**TASK DIRECTIONS:** Every line of the material is to be quoted verbatim, minus the pictures.

**INFORMATION SUPPLIED:**
########################################
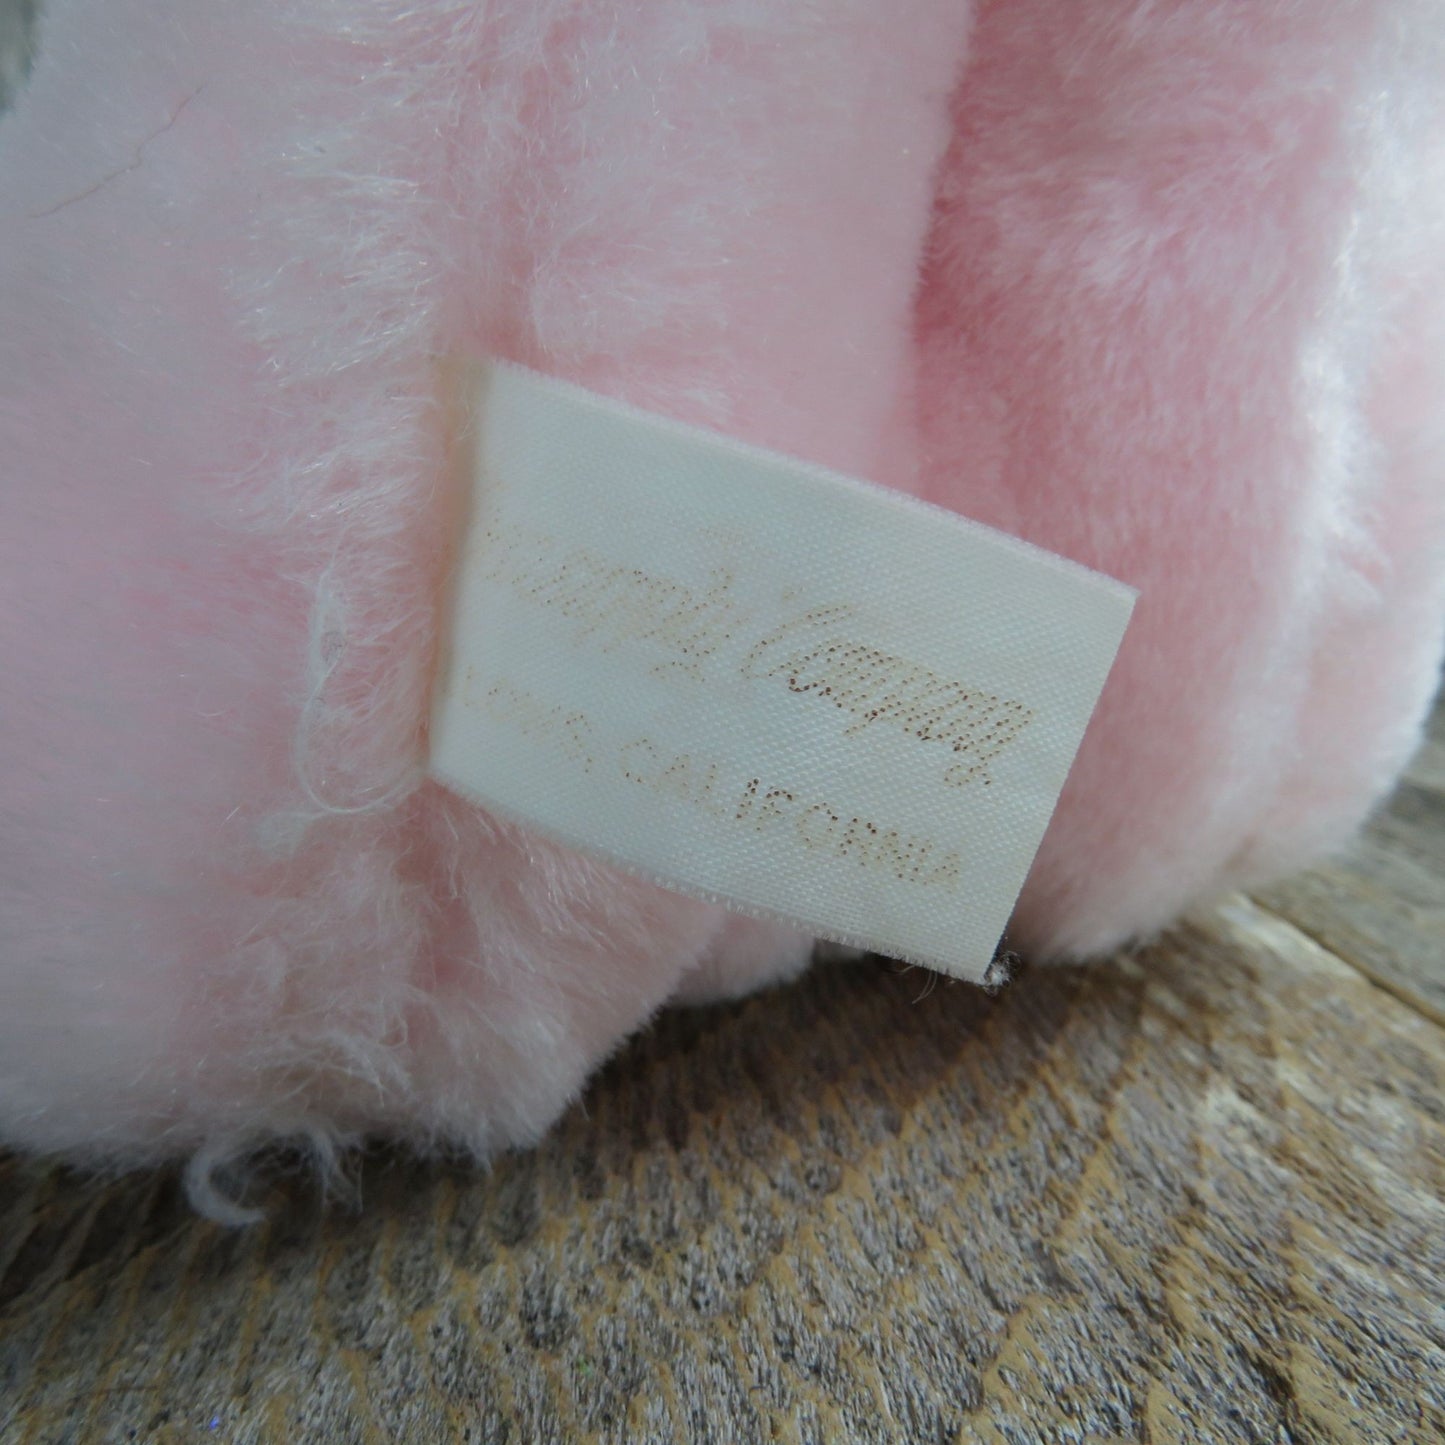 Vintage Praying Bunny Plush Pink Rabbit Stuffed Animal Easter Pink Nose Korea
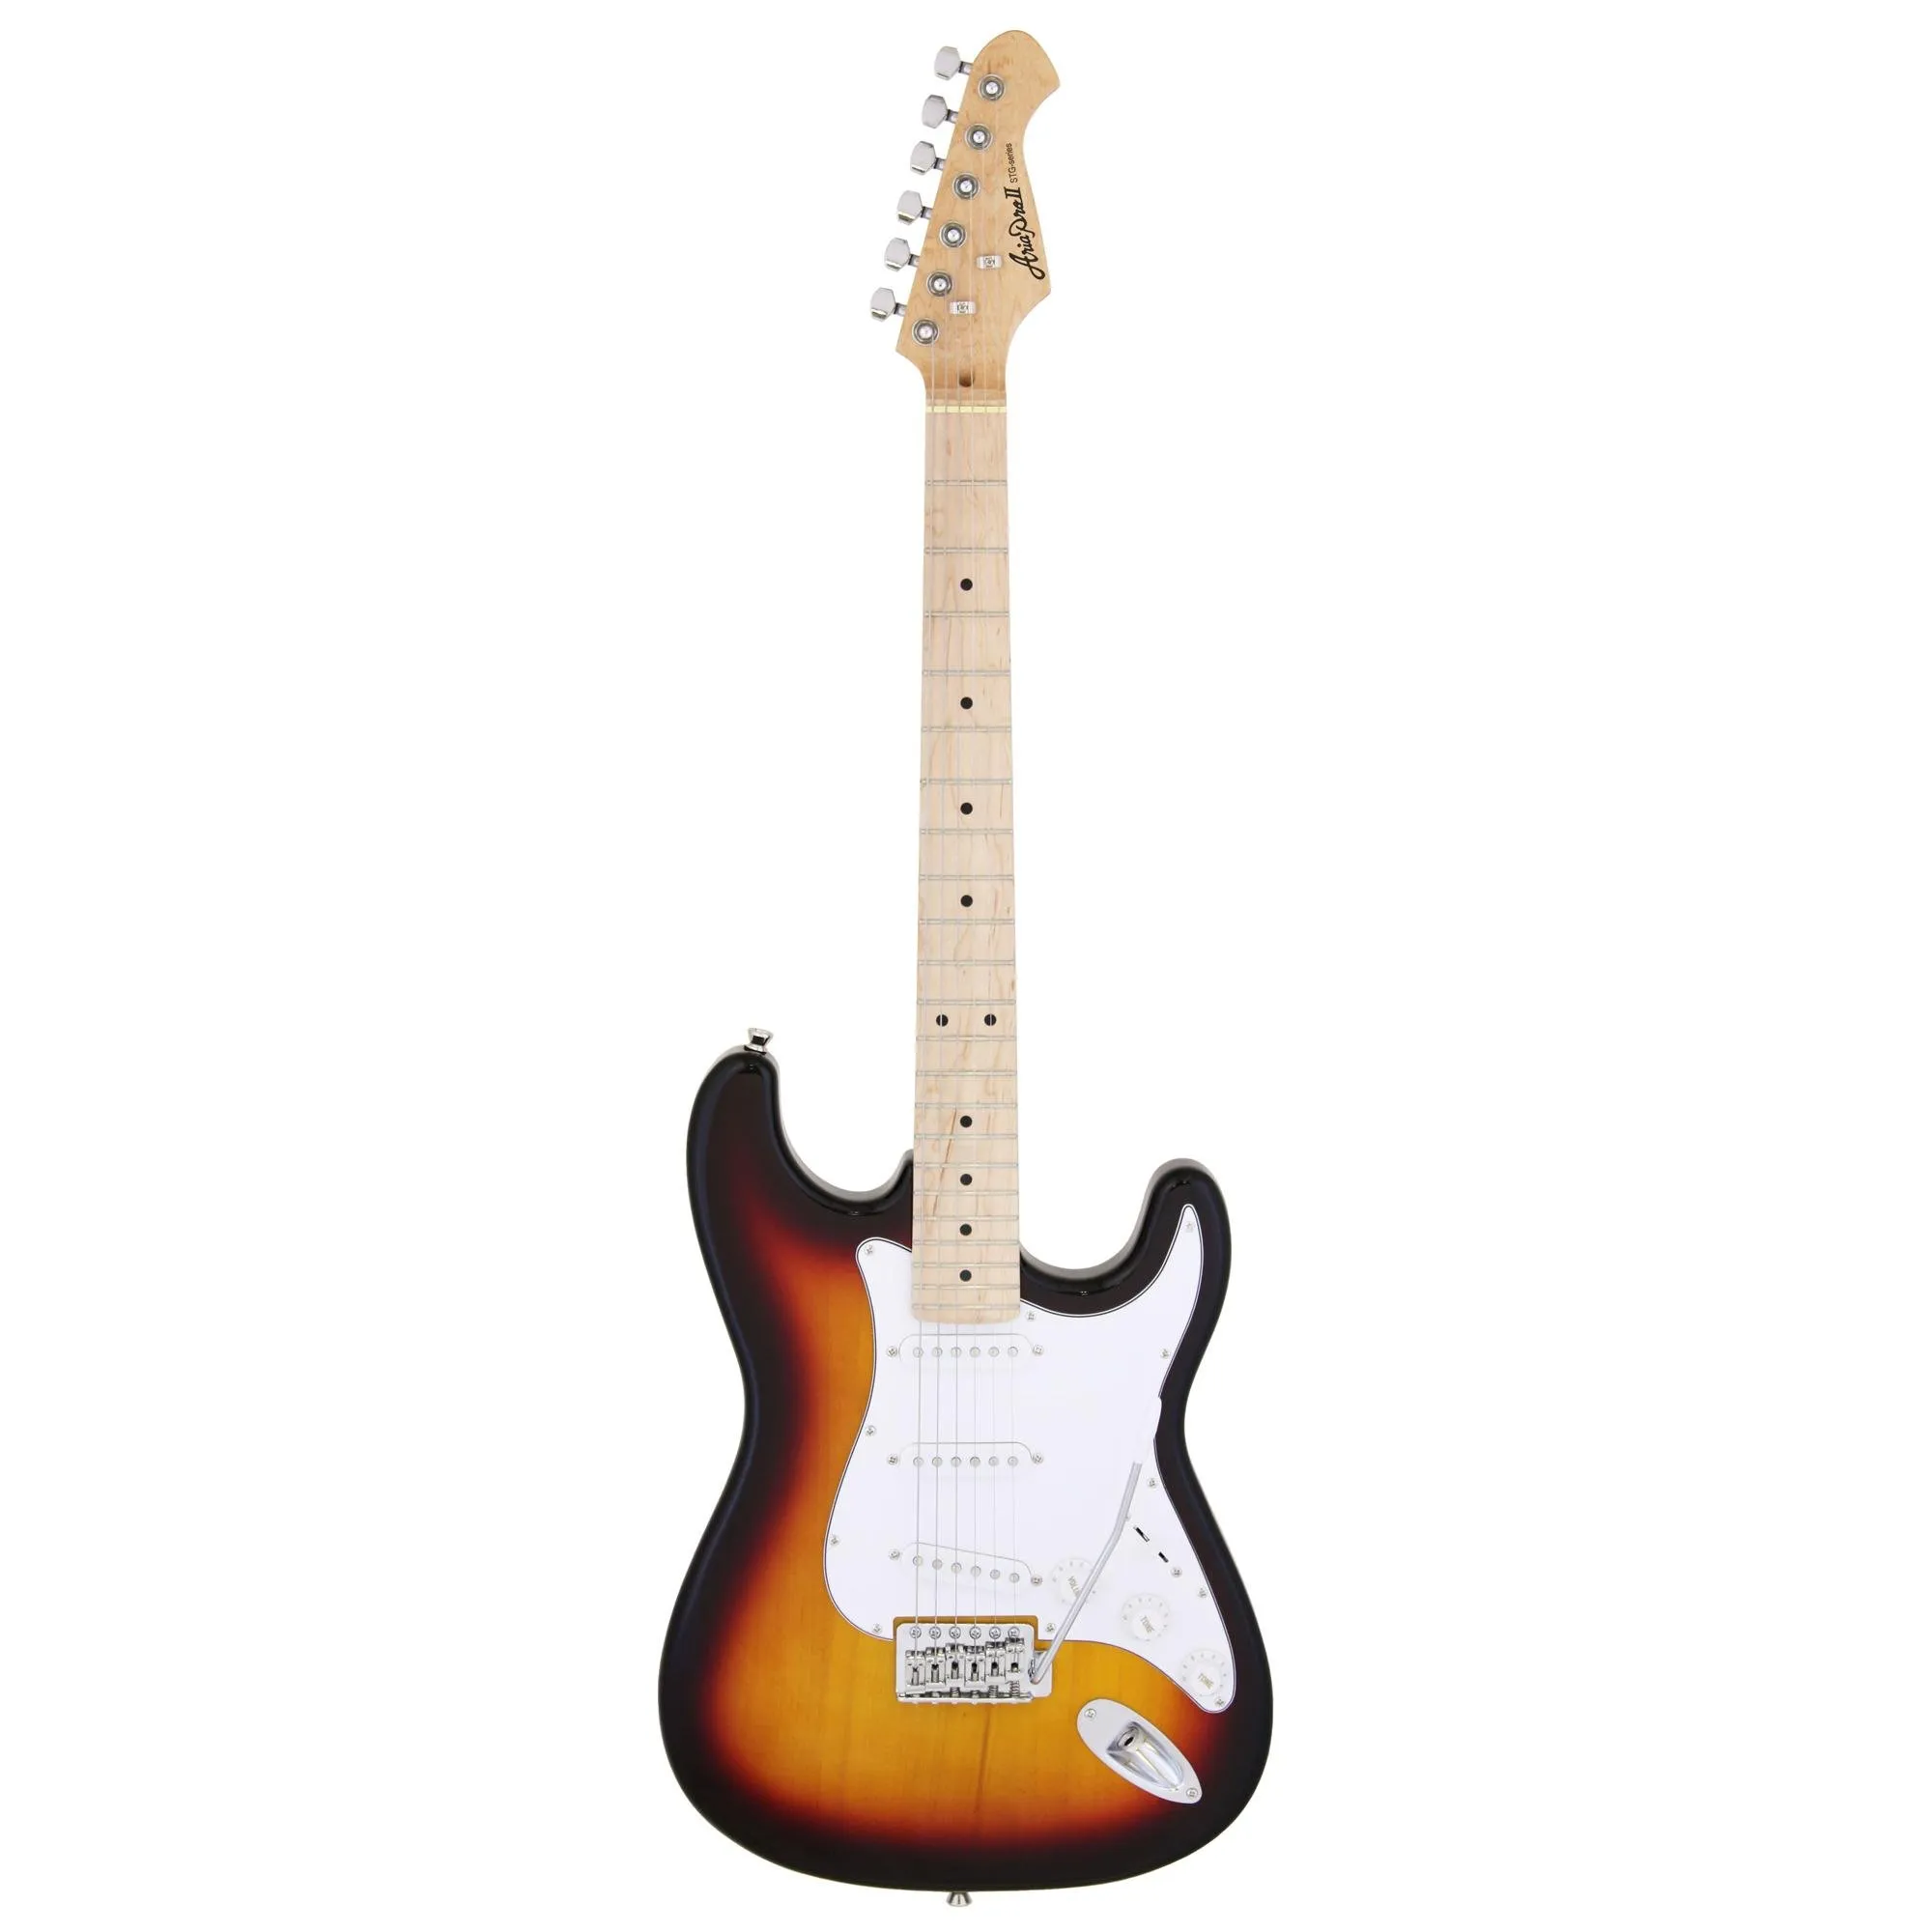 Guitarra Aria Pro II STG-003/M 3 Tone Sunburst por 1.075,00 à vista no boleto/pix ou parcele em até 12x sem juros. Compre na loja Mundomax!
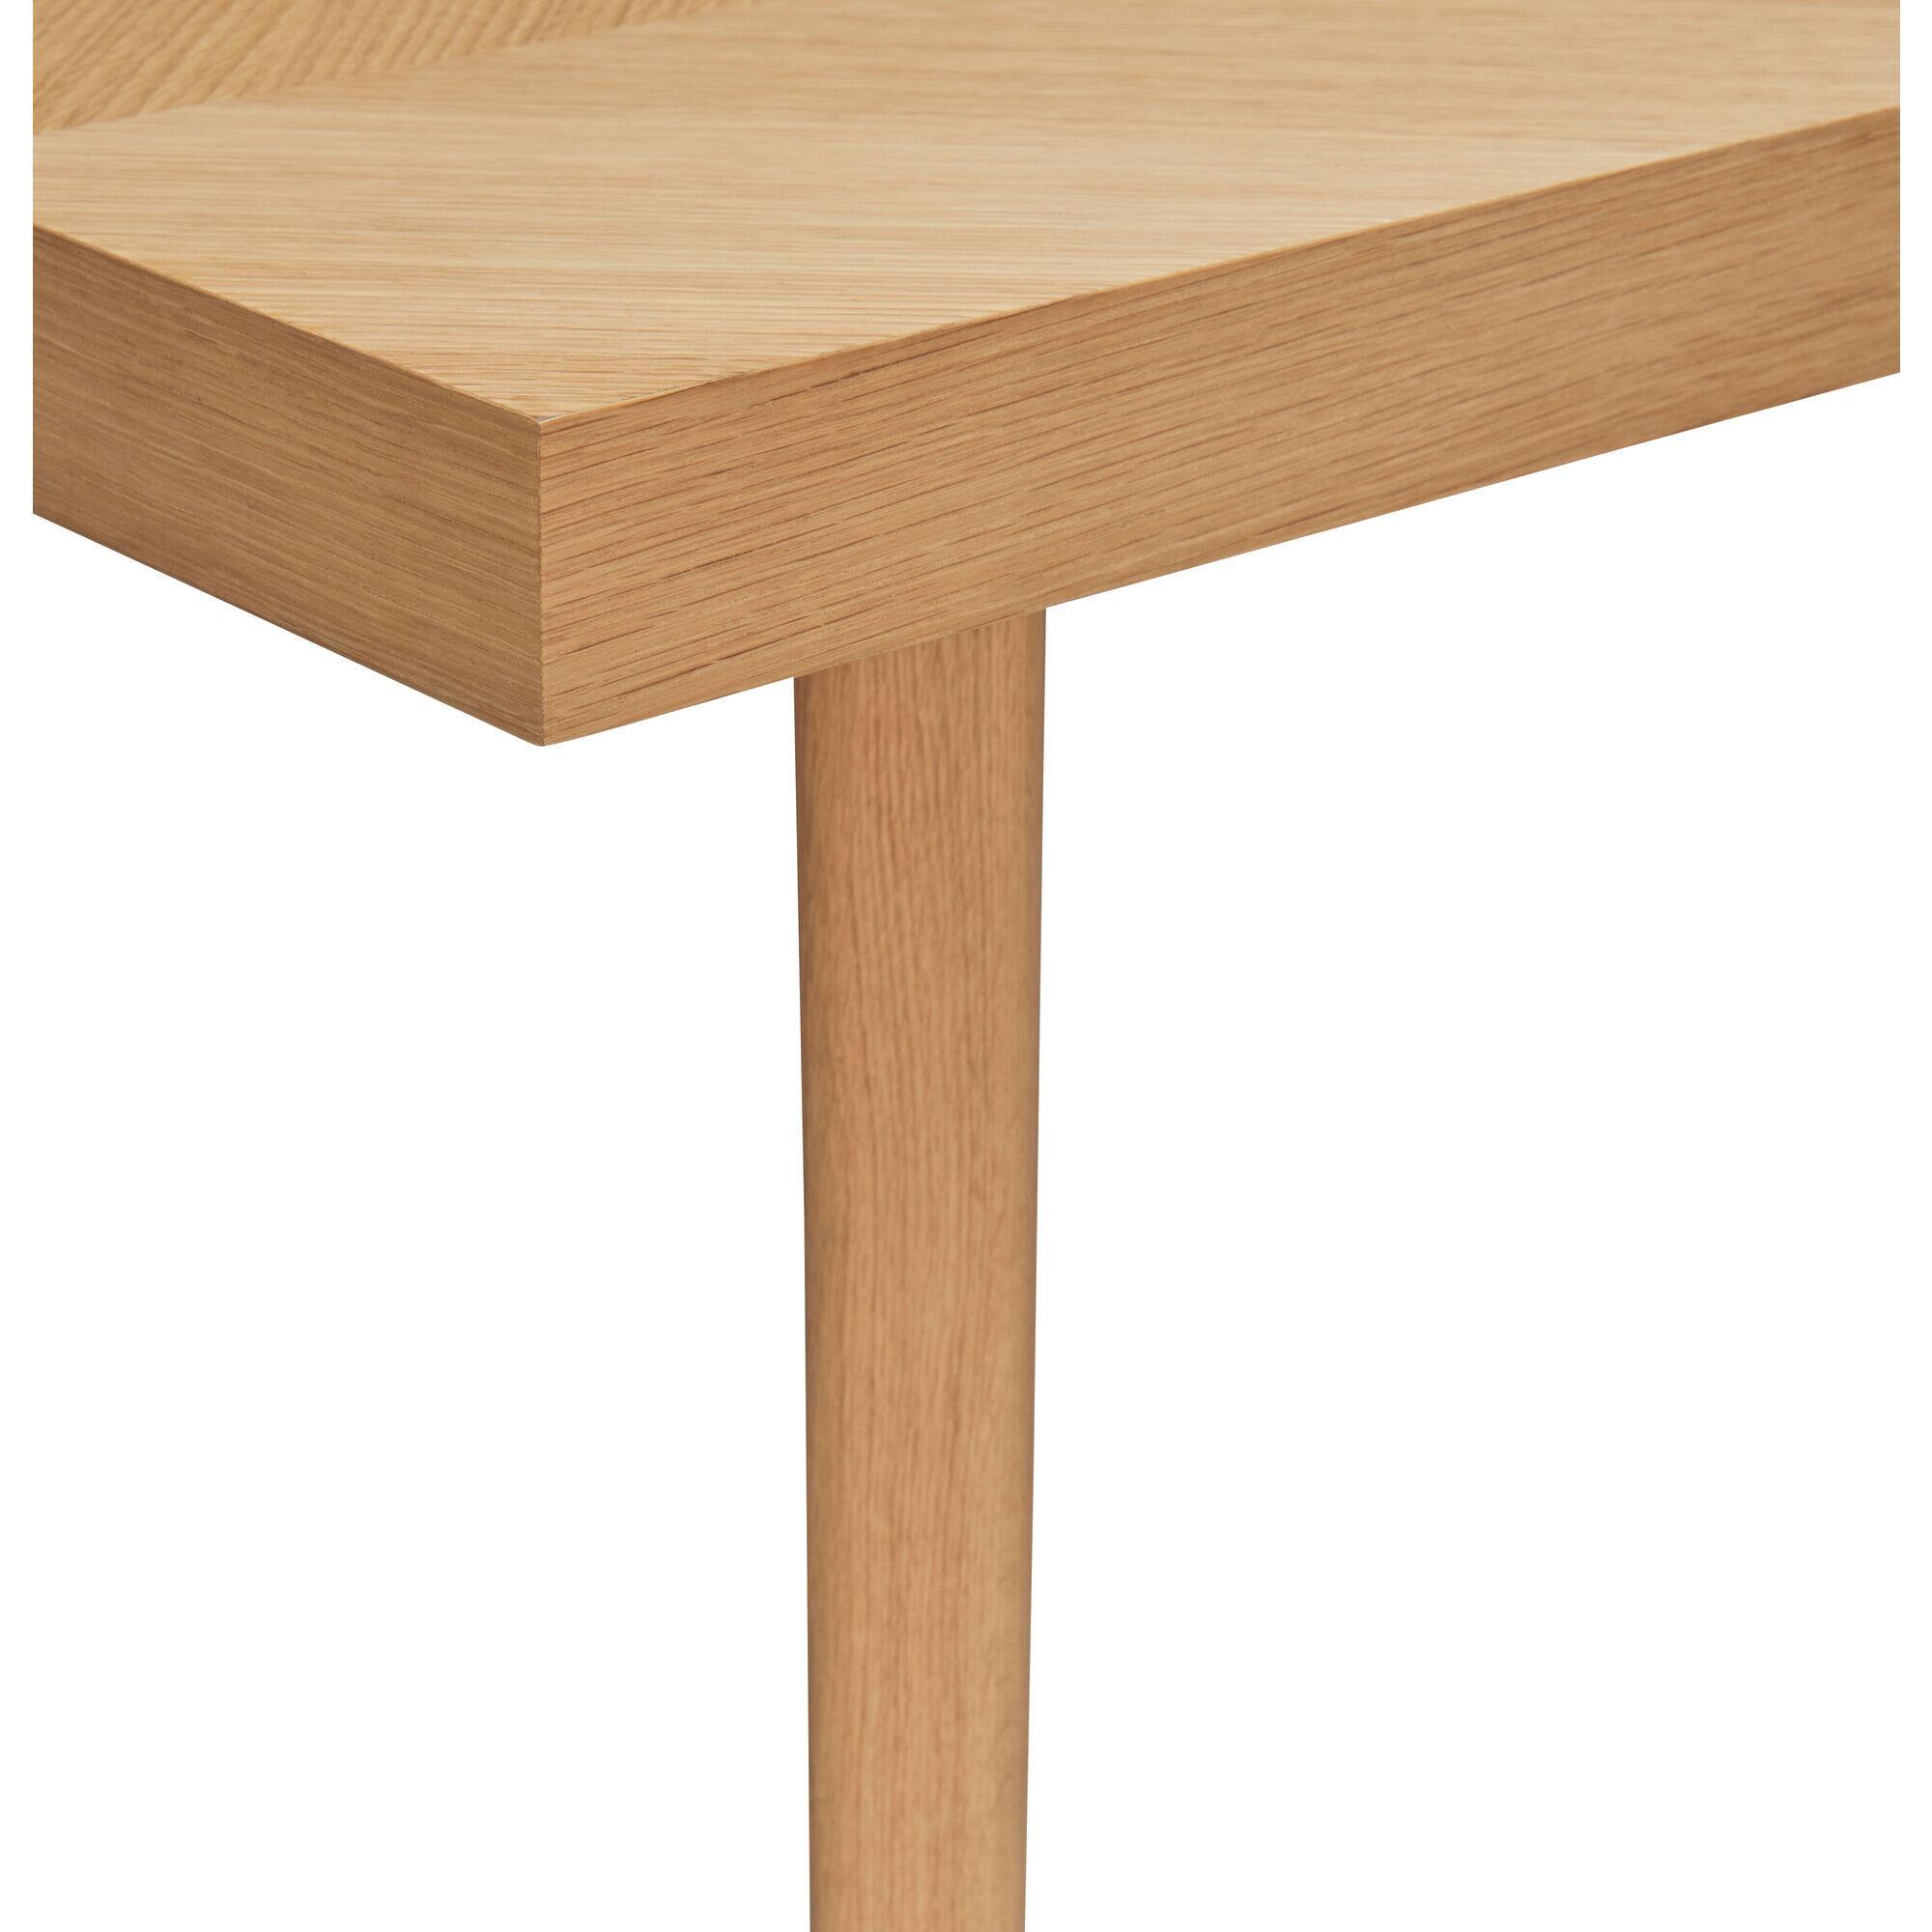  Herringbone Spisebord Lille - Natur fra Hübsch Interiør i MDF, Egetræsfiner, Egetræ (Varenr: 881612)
########################################
**WRITTEN ANSWER:**
 Vintage Praying Bunny Plush Pink Rabbit Stuffed Animal Easter Pink Nose Korea
 Guitarra Aria Pro II STG-003/M 3 Tone Sunburst por 1.075,00 à vista no boleto/pix ou parcele em até 12x sem juros. Compre na loja Mundomax!
  Herringbone Spisebord Lille - Natur fra Hübsch Interiør i MDF, Egetræsfiner, Egetræ (Varenr: 881612)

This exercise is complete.